At low pressures the density of states of the vibrationally excited ozone molecule and the effective deactivation collision frequency occur as a product in the theory. The eta effect itself can either be due to a small deviation from the statistical density of states for symmetric isotopomers (fewer anharmonic and Coriolis dynamic coupling terms, for example, because of symmetry restrictions), or to a greater efficiency of energy transfer from the asymmetric molecule. An experiment which distinguishes the two factors is proposed. It is pointed out how both the partitioning and the eta effects can be regarded as "symmetry-driven" isotopic effects.

The theoretical results on low-pressure mass-independent ozone enrichments and individual rate constant ratios obtained from these calculations are consistent with the corresponding experimental data. The isotopic exchange rate constant for the reaction provides information on the nature of a variationally determined hindered-rotor transition state using experimental data at different temperatures. Pressure effects on the individual rate constant ratios, on the enrichments, and on the recombination rate constant are again consistent with the data. The temperature dependence of the enrichment and of the rate constant ratios is also discussed, and experimental tests of the theory are suggested. Pump-dump short-time laser experiments on isolated ozone molecules to study the energy dependence and the isotopic effect for the dissociation of the isolated molecules could be highly revealing. The desirability of a more accurate potential energy surface for ozone in the transition state region is also noted.

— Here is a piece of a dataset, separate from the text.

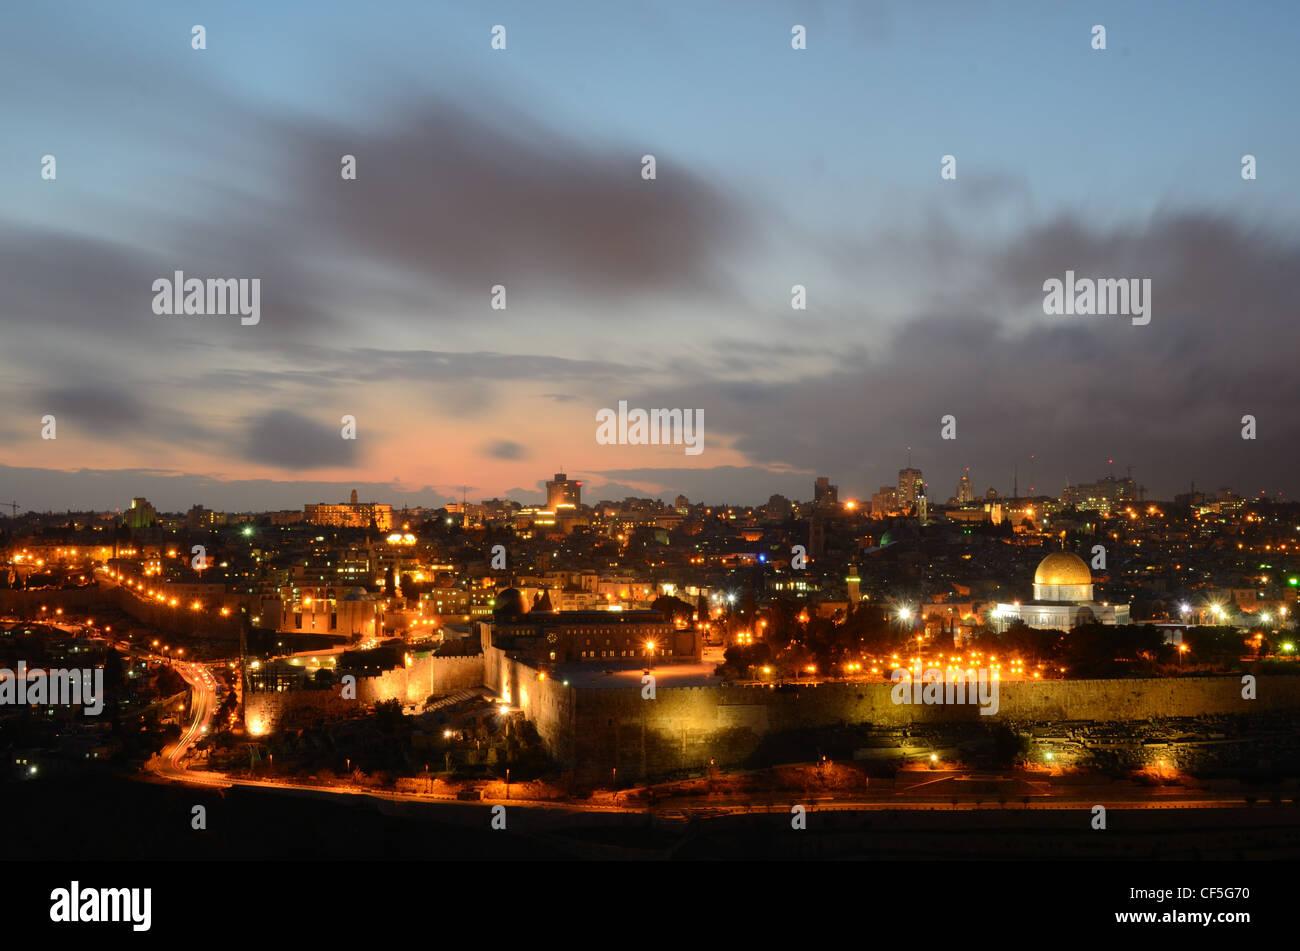 Skyline of the Old City of Jerusalem, Israel. - Stock Image

Looking to the future, besides the utility of similarly highly detailed experimental studies on isotope effects for other reactions in the upper atmosphere, there is also a real need for a new area of study: the broad interdisciplinary merging of geochemical, inorganic and chemical physics study of these problems. One of these is the mechanism of formation of early solids in the solar system, such as CAI's and the material formed slightly later, the chondrules. Much is already known about the early material from the many-faceted studies of their appearance in meteorites, but the various scenarios for their formation, chemical versus nucleosynthetic, are a largely uncharted field in chemistry which would be useful to explore in future collaborative laboratory studies. There is a need similarly, I believe, for the broad-based study of unusual isotope effects in many other systems, atmospheric, planetary, and geological.

The ozone studies are described in part in Y. Q. Gao and R. A. Marcus, Science 293, 259 (2001), J. Chem. Phys. 115 (December 2001); B. C. Hathorn and R. A. Marcus ibid. 111, 4087 (1999), 113, 9497 (2000).